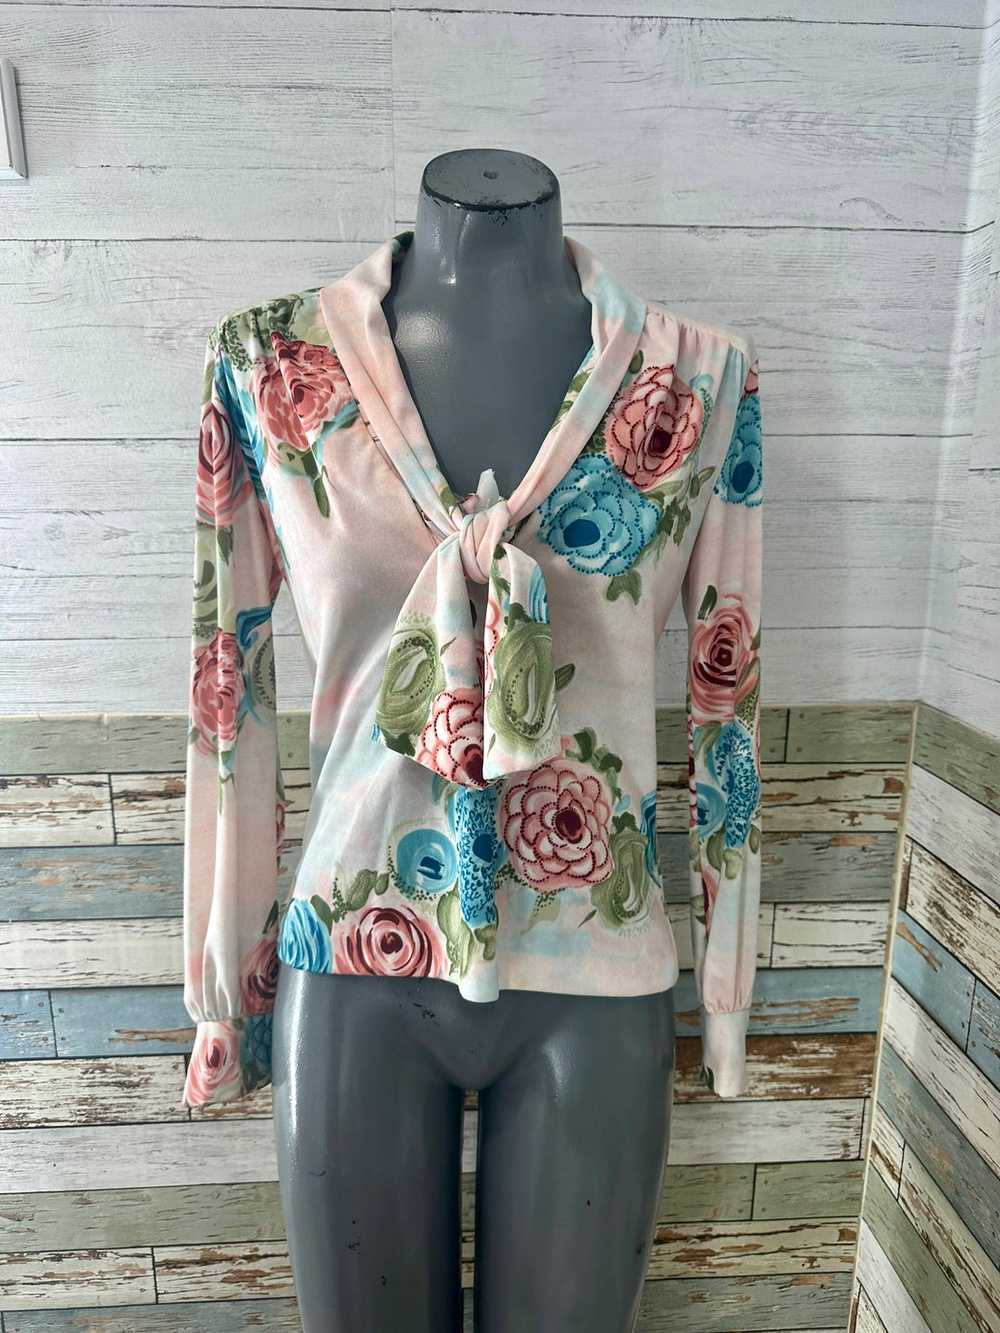 70’s Pink Multicolor Flower Print Blouse With Bow - image 1
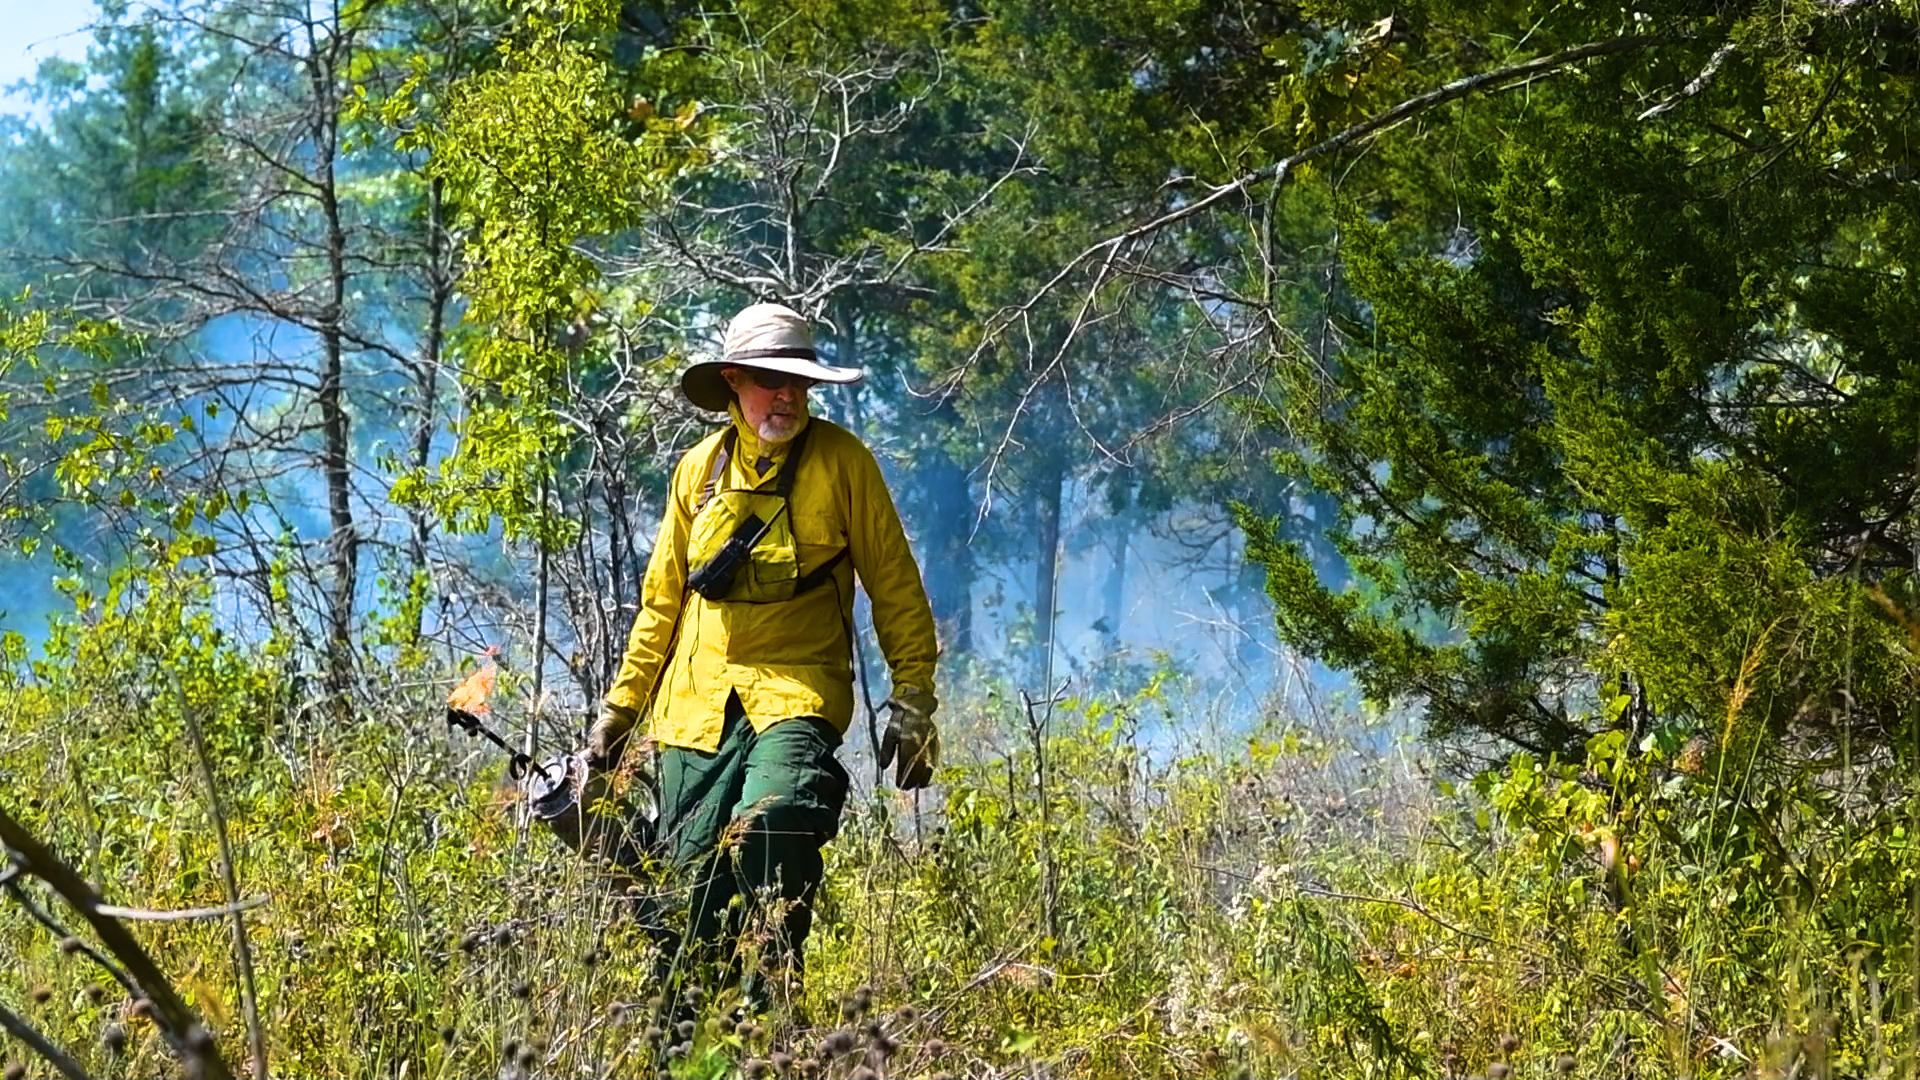 Woods relies on prescribed fire to enrich his acreage with explosive native species ecosystems.
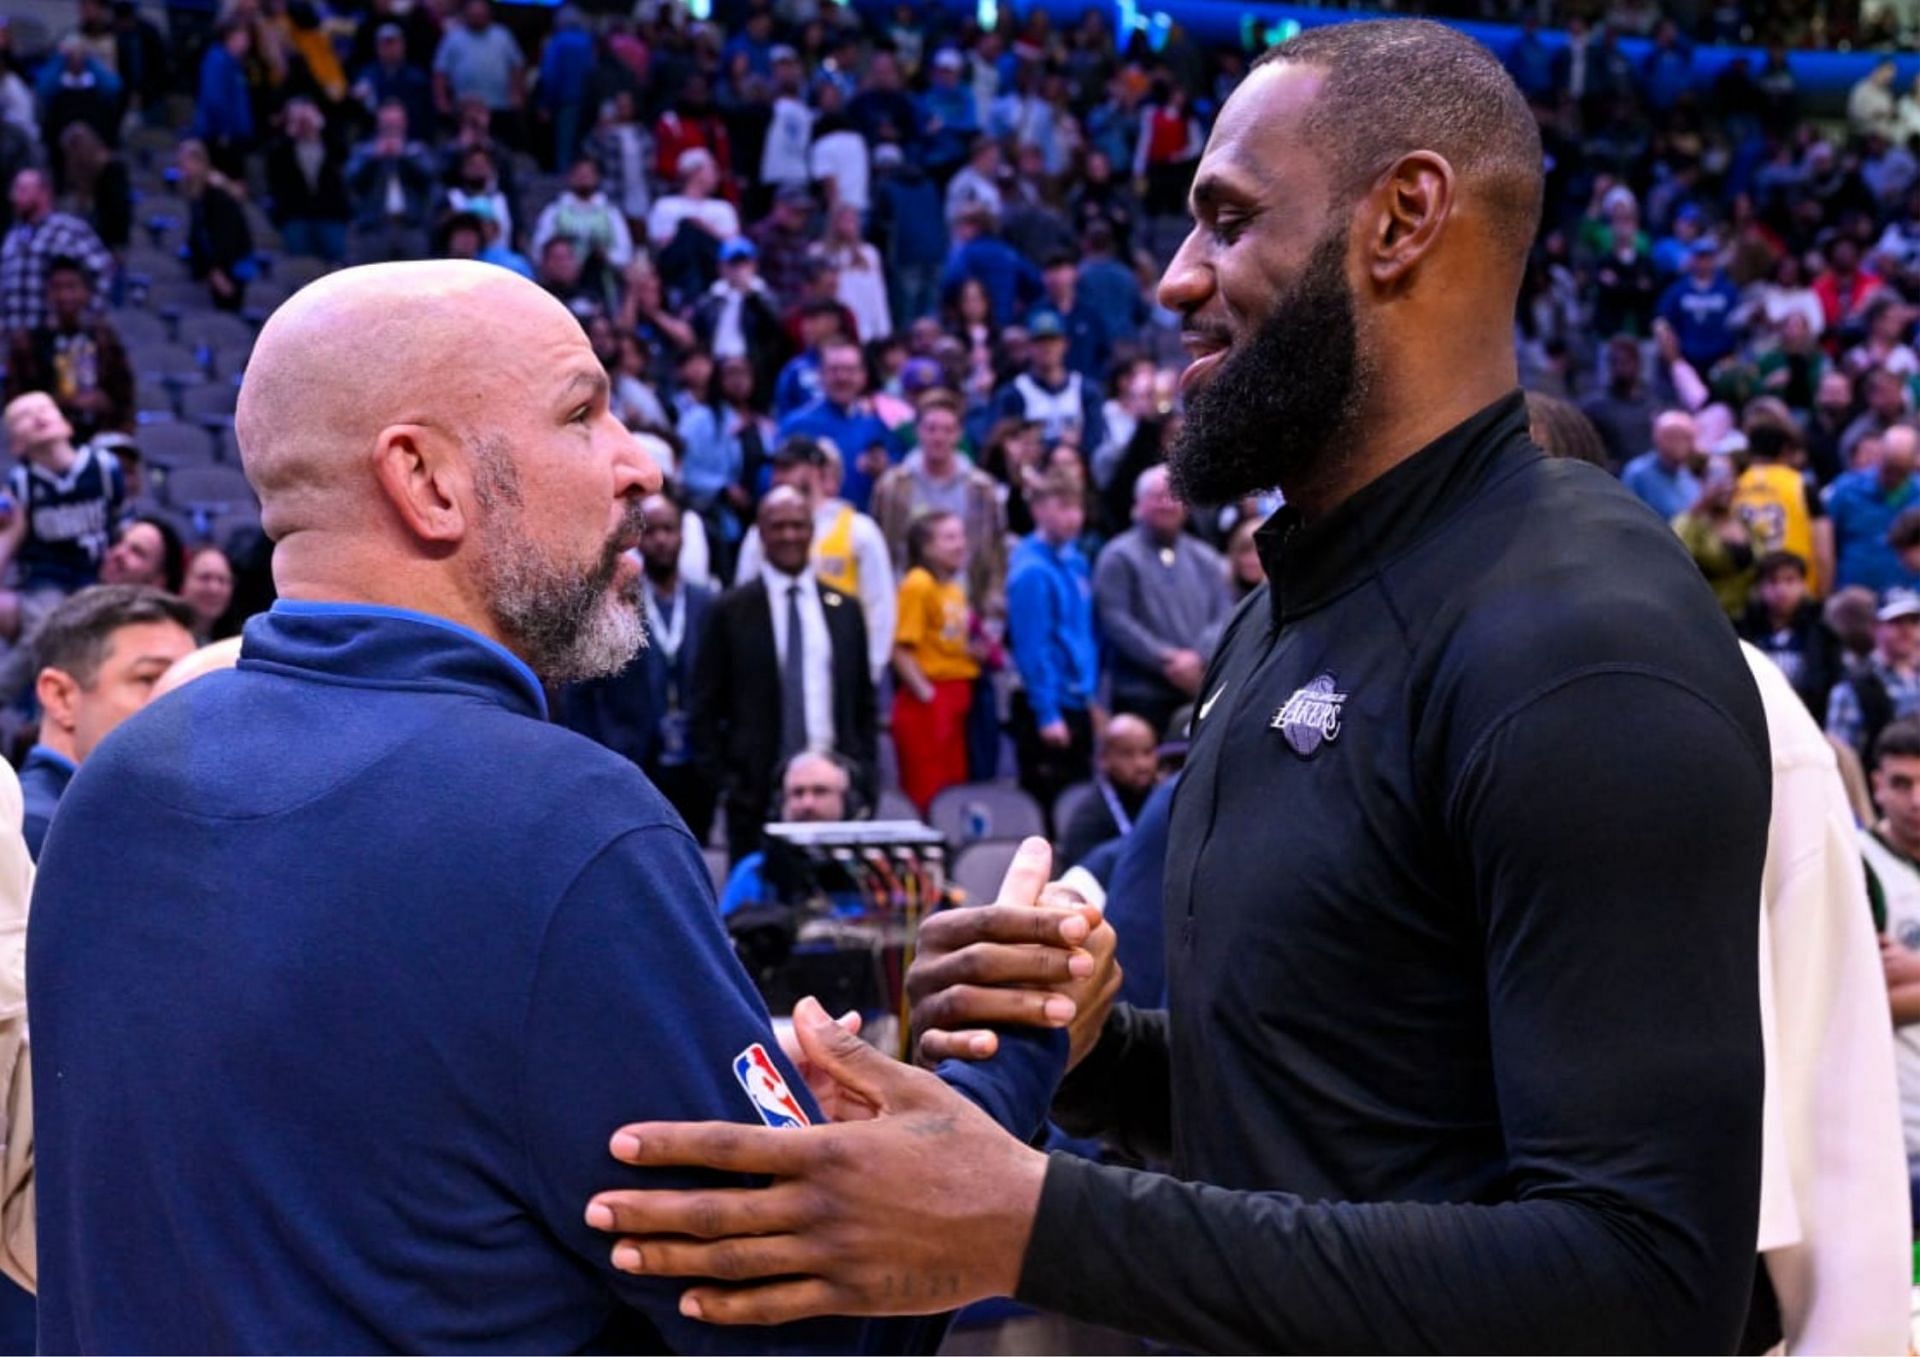 LeBron James is tied with current Dallas Mavericks head coach Jason Kidd with 107 triple-doubles, the fourth-most in NBA history.

» Assignment: Leave every picture out and copy precisely the lines from the one containing "Woods relies on" through the last line of the data above, both ends included.

» Task answer:
 Woods relies on prescribed fire to enrich his acreage with explosive native species ecosystems.
 LeBron James is tied with current Dallas Mavericks head coach Jason Kidd with 107 triple-doubles, the fourth-most in NBA history.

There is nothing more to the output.